> _Exercise directions_
Output only the lines that run from the line holding "Soccer Football - Championship" to the end of the data below, including both ends, without any pictures.

> _Supplied information_
= Beginning of Section =

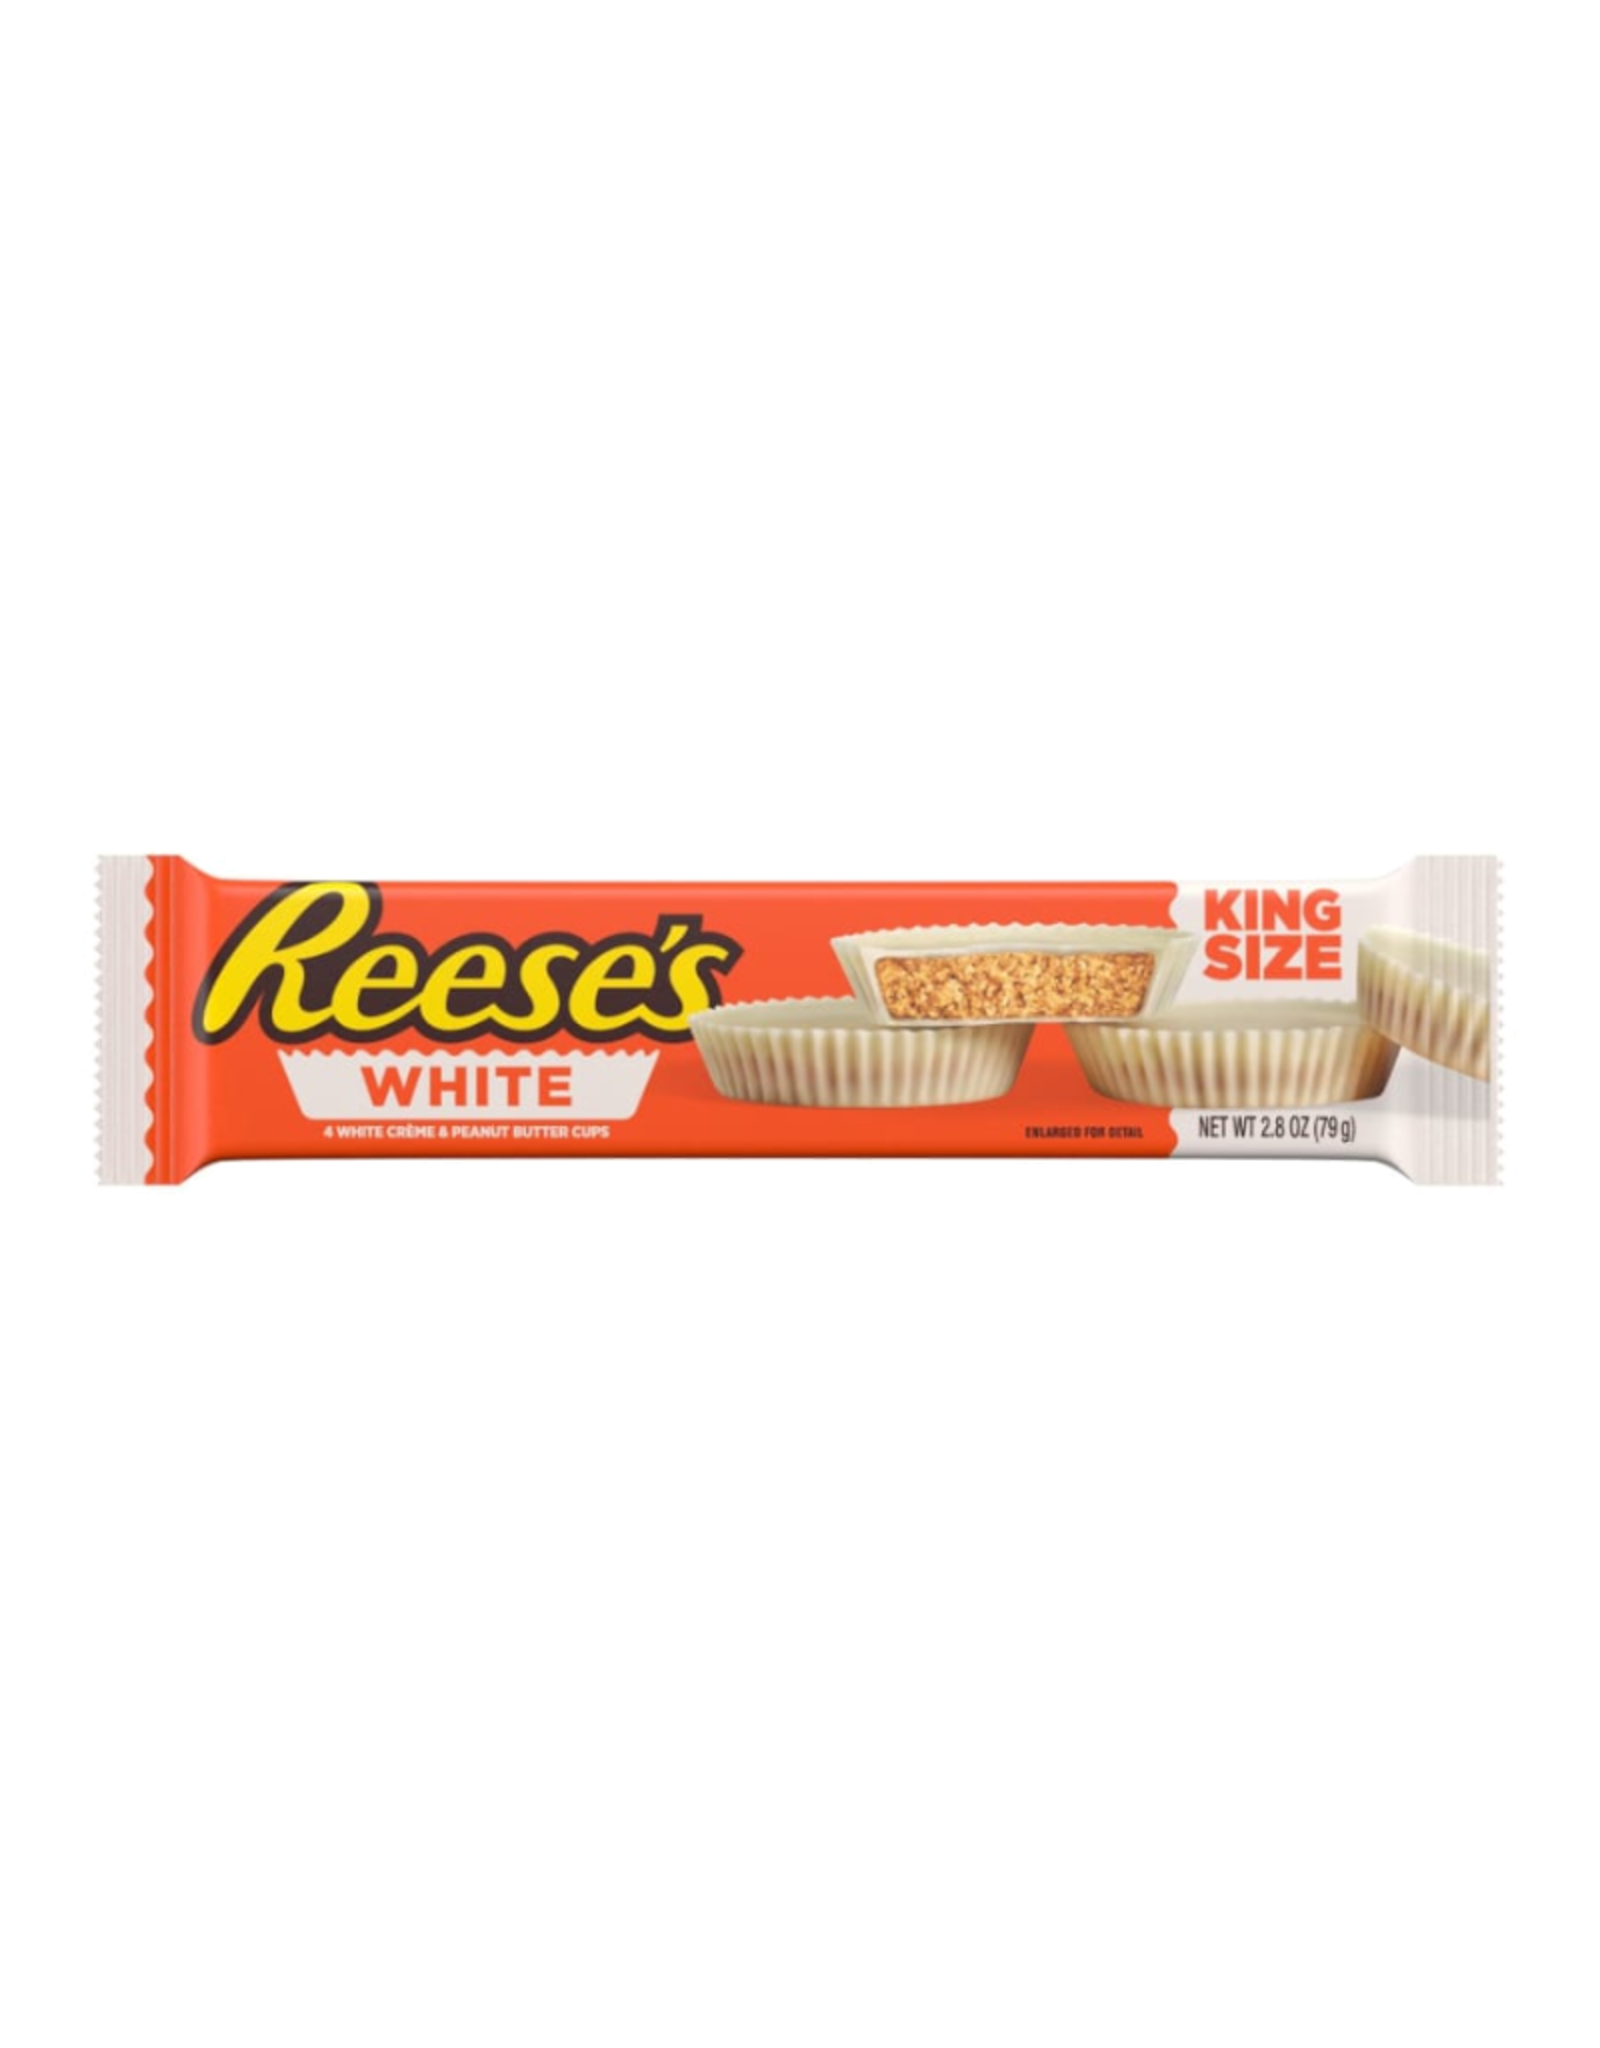 Reese's White 4 Peanut Butter Cups King Size - 79g
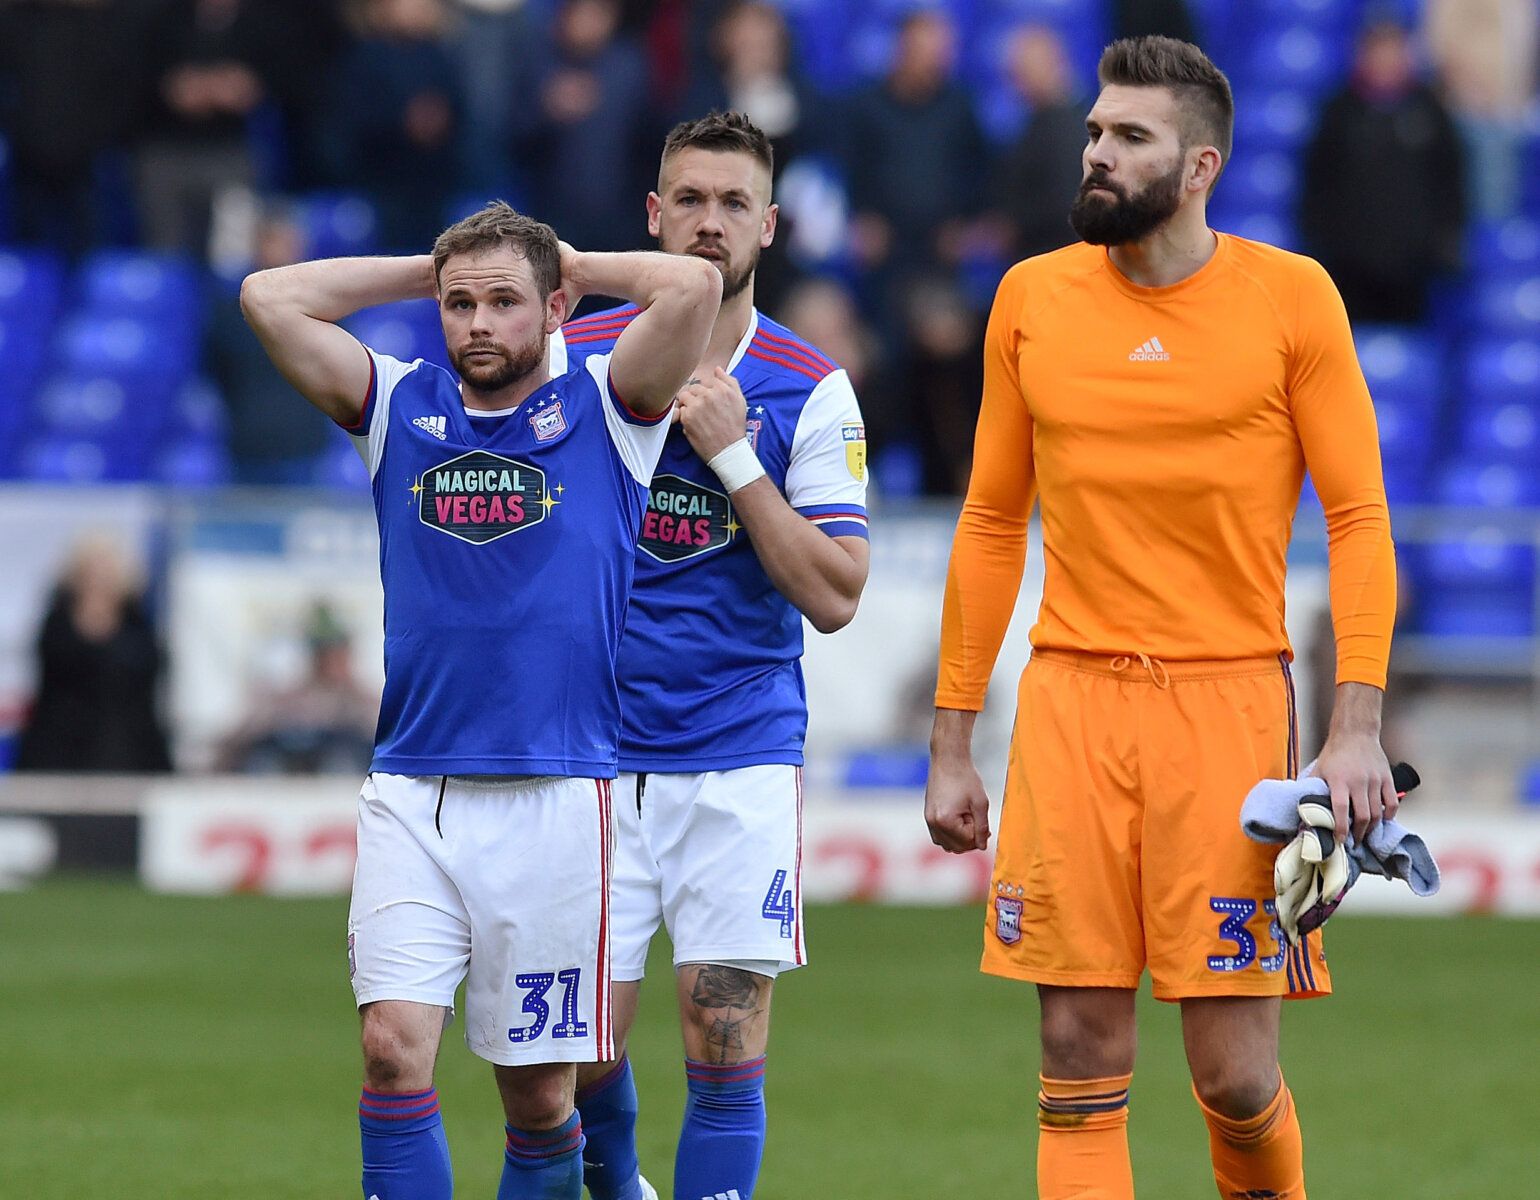 Soccer Football - Championship - Ipswich Town v Birmingham City - Portman Road, Ipswich, Britain - April 13, 2019   Ipswich Town's Alan Judge, Luke Chambers and Bartosz Bialkowski look dejected at the end of the match as they are relegated to League One   Action Images/Alan Walter    EDITORIAL USE ONLY. No use with unauthorized audio, video, data, fixture lists, club/league logos or 
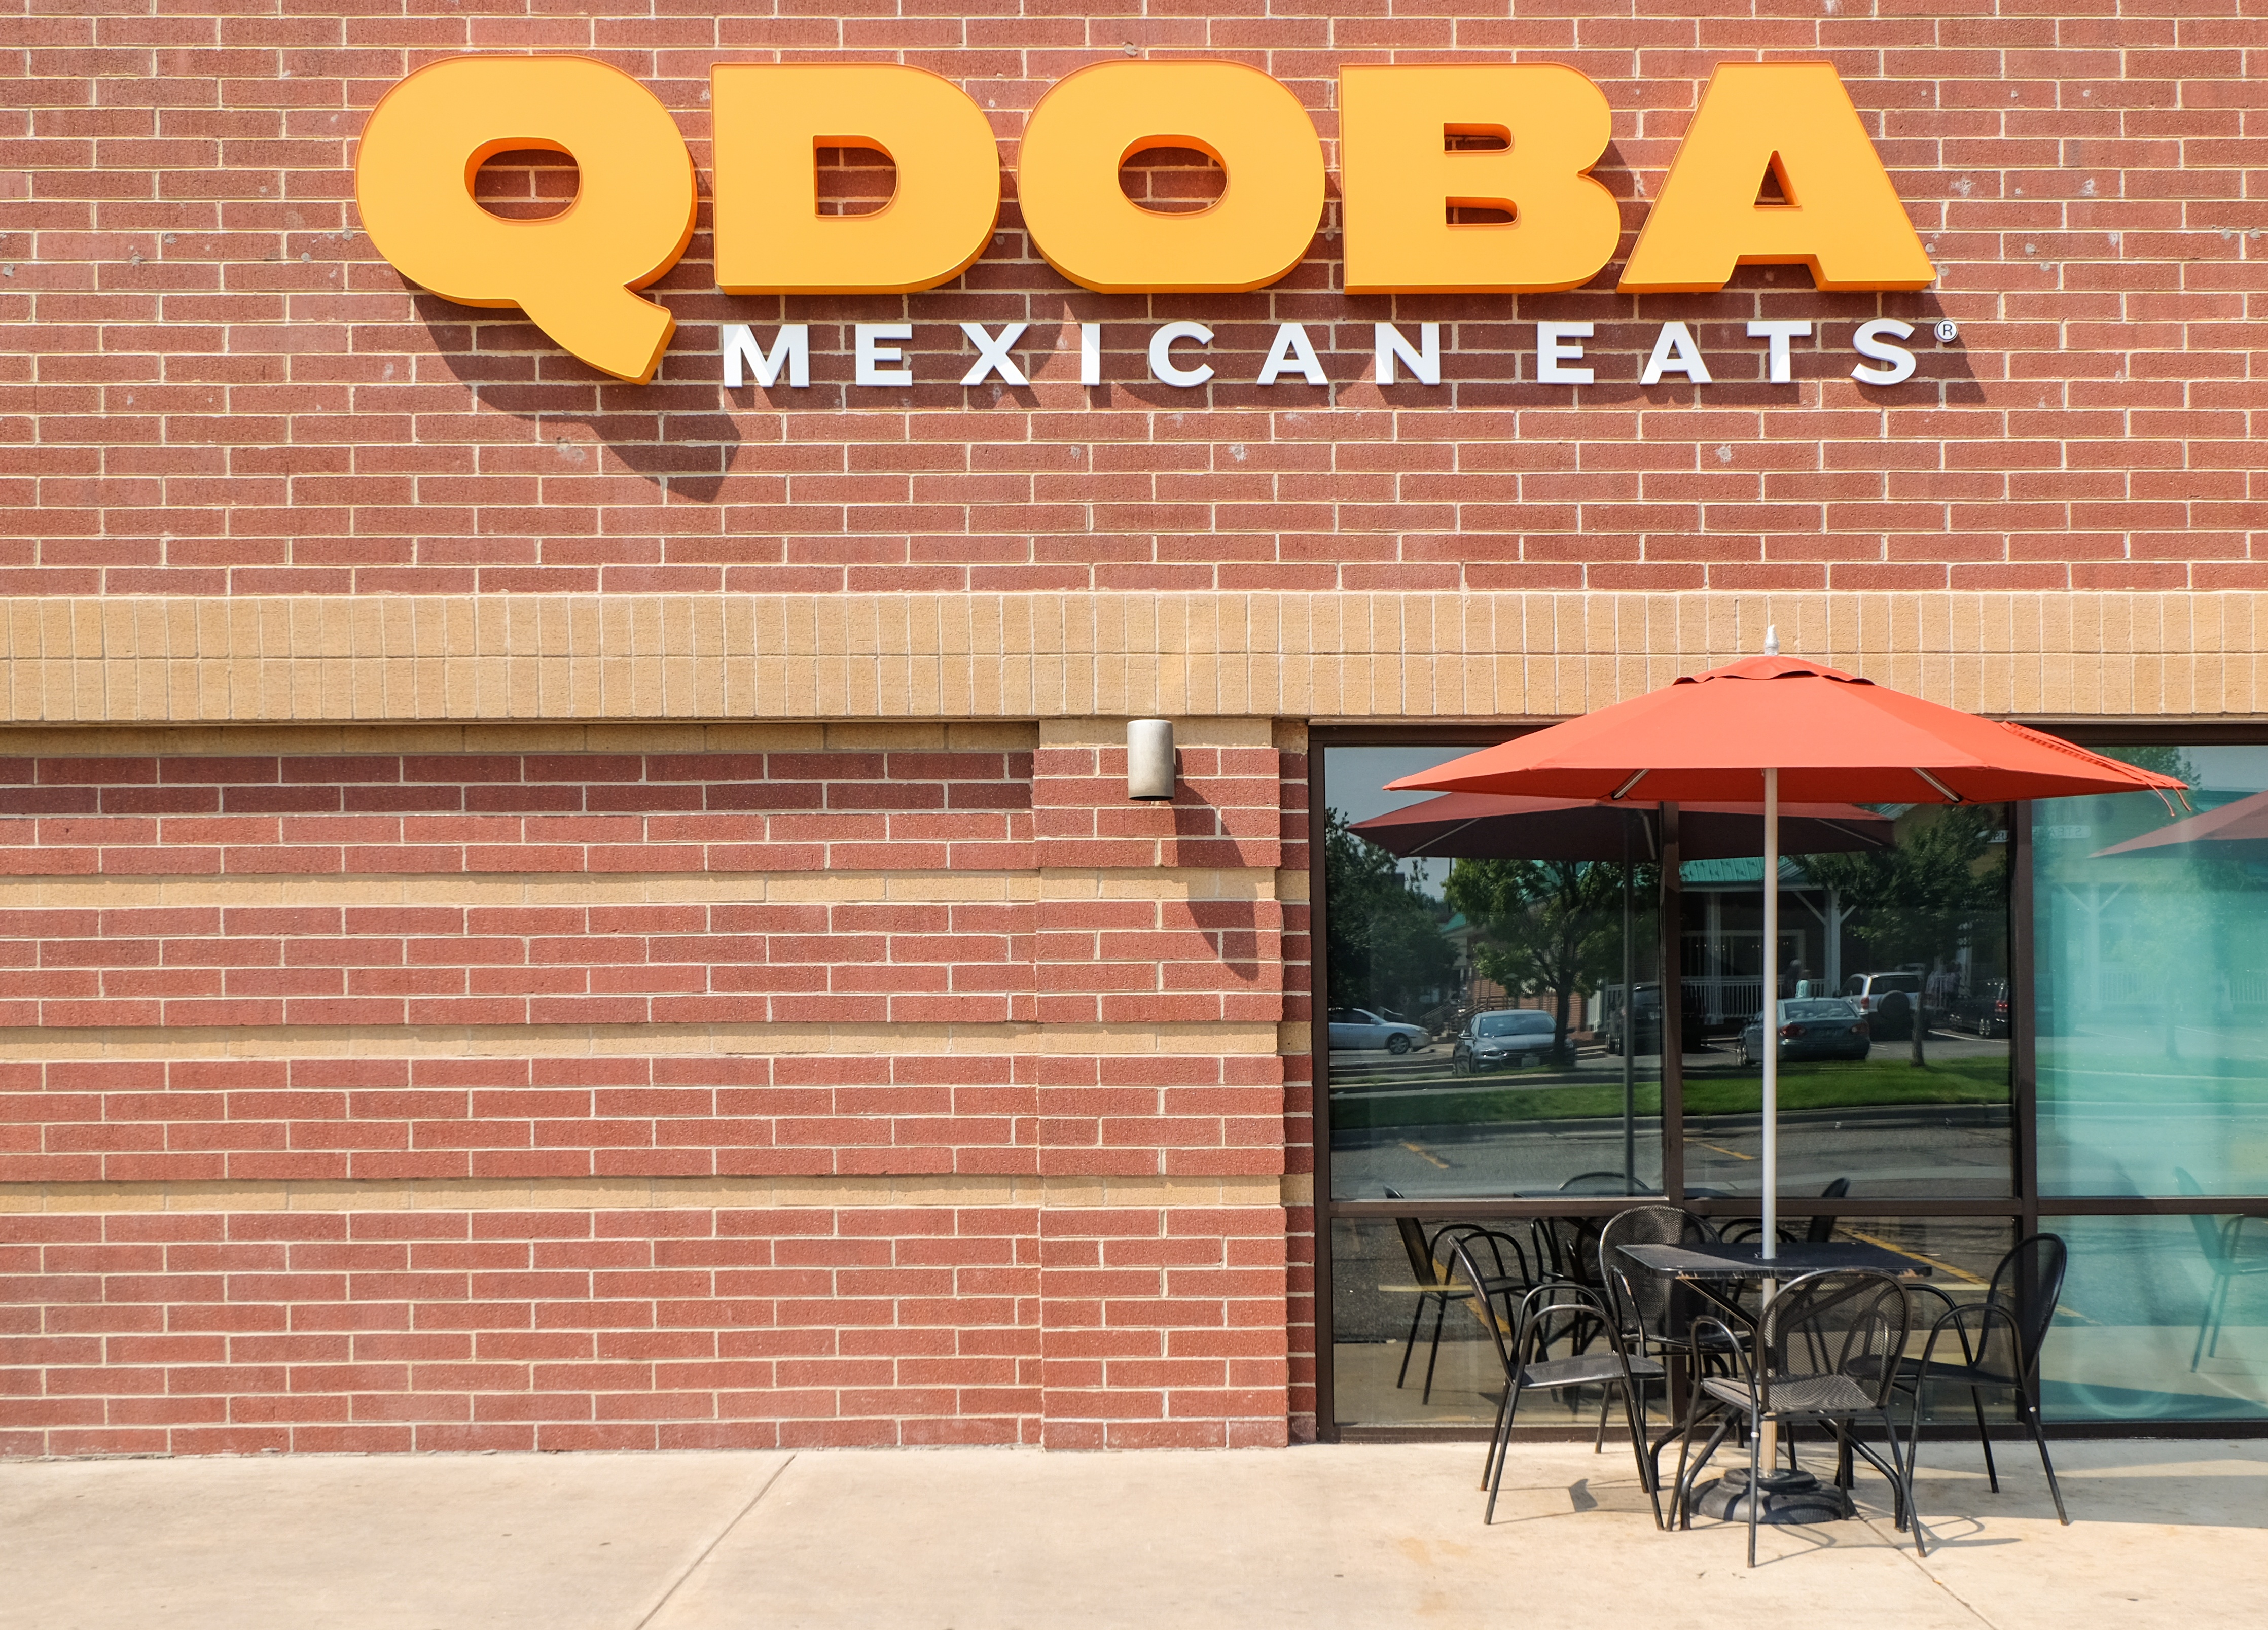 Qdoba signage on a brick wall with a table and chairs in front of it.

= End of Section =

> _Solution to this exercise_
 Soccer Football - Championship - Ipswich Town v Birmingham City - Portman Road, Ipswich, Britain - April 13, 2019   Ipswich Town's Alan Judge, Luke Chambers and Bartosz Bialkowski look dejected at the end of the match as they are relegated to League One   Action Images/Alan Walter    EDITORIAL USE ONLY. No use with unauthorized audio, video, data, fixture lists, club/league logos or 
 Qdoba signage on a brick wall with a table and chairs in front of it.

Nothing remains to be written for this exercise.